Many VIKTOR developers have encountered issues with slow parametrization, which is deemed problematic when the parameterization call exceeds a duration of 1 second. Sluggish parametrization significantly impacts the application, resulting in a laggy and unresponsive user experience, hampering its overall performance and responsiveness.
As the application grows in complexity with a multitude of parameters and intricate callbacks, pinpointing the specific areas where time is consumed becomes increasingly challenging. The expanding scope and complexity might obscure the source of the time penalty within the codebase, making it difficult to identify the exact segments responsible for the slowdown in execution.
Here profiling can help you out.
Time profiling
Time profiling in programming refers to the practice of measuring and analyzing the execution time of specific sections or the entirety of a program’s code. This technique helps developers identify performance bottlenecks by pinpointing which parts of the code take the most time to run. By utilizing specialized tools or modules, such as timeit
or cProfile
in Python, time profiling allows for precise measurement of execution times, aiding in the optimization and improvement of code efficiency for better overall performance.
Profiling wrapper
The following decorator can be used to profile a certain function as follows:
@profile_it()
def some_function(input_1, input_2)
...
import cProfile
from functools import wraps
def profile_it(output_file: str= None):
"""A time profiler decorator.
Inspired by and modified the profile decorator of Giampaolo Rodola:
http://code.activestate.com/recipes/577817-profile-decorator/
Args:
output_file: str or None. Default is None
Path of the output file. If only name of the file is given, it's
saved in the current directory.
If it's None, the name of the decorated function is used.
Returns:
Profile of the decorated function
"""
def inner(func):
@wraps(func)
def wrapper(*args, **kwargs):
_output_file = output_file or func.__name__ + ".prof"
pr = cProfile.Profile()
pr.enable()
retval = func(*args, **kwargs)
pr.disable()
pr.dump_stats(_output_file)
return retval
return wrapper
return inner
Profiling the parametrization
Now the big question is, how do we profile the parametrization. This is done by overwriting the protected method _generate()
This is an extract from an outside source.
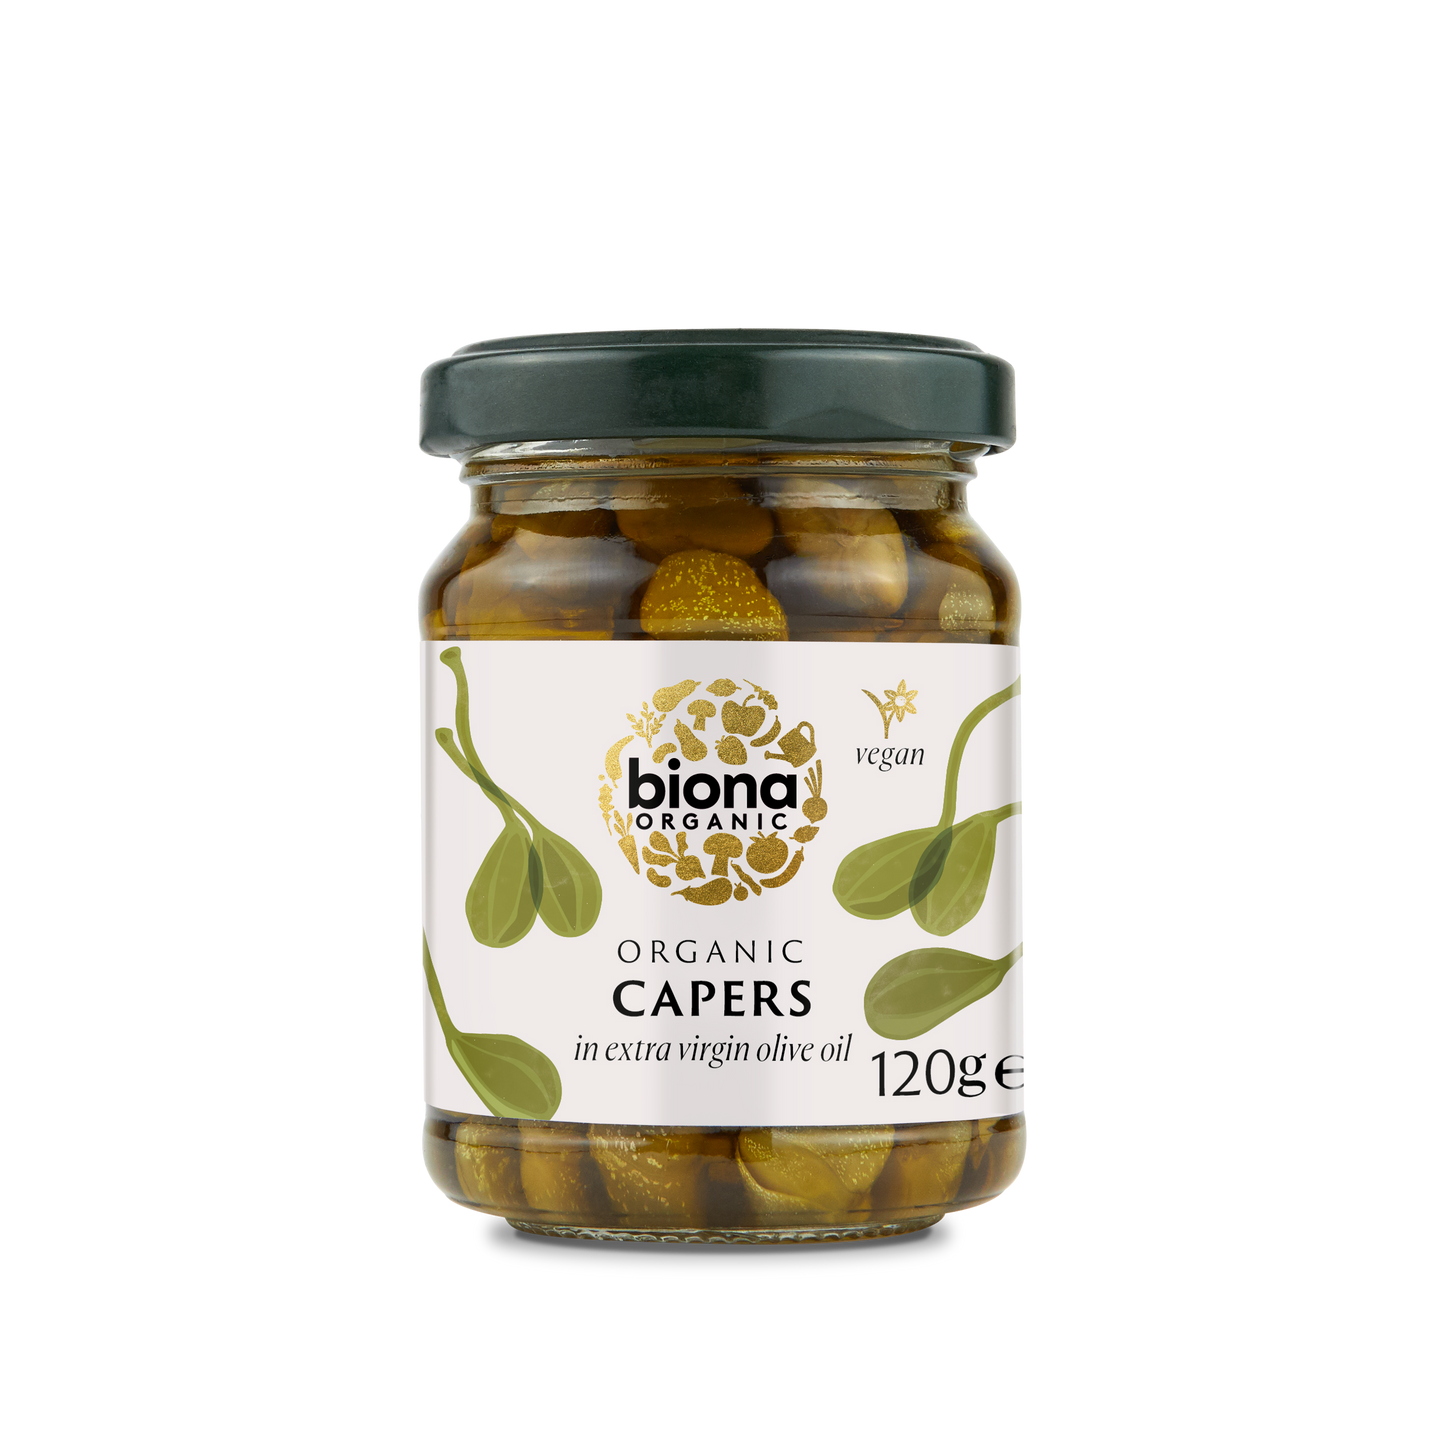 Biona Organic Capers in Extra Virgin Olive Oil 120g Pack of 4

on the parametrization object.
DISCLAIMER: YOU SHOULD NEVER OVERWRITE A PROTECTED MEMBER IN PRODUCTION CODE, ONLY USE IN DEVELOPMENT AND REMOVE THIS BEFORE PUBLISHING.
class Parametrization(ViktorParametrization):
@profile_it()
def _generate(self, *args, **kwargs):
return super()._generate(*args, **kwargs)
... (field definitions)
Interpreting the profiling result
The decorator will save a .prof
file on you local file system. This file can be interpreted using a tool like SnakeViz or the pstats module.
Using SnakeViz, it can be seen that, in the above example, 2 callbacks are responsible for the slow parametrization. Both these callback rely on the slow get_file_from_storage
function, which is called 6 times!
Usual causes of slow parametrization
Often when an app is suffering from slow parametrization, some callback rely on a slow underleying function. This function can appear not that slow (+/- 300ms), but when multiple callbacks rely on this function or the callback is used in multiple fields, this can add up to multiple seconds of lag.
Profiling creates a great insight where to start optimizing your Parametrization.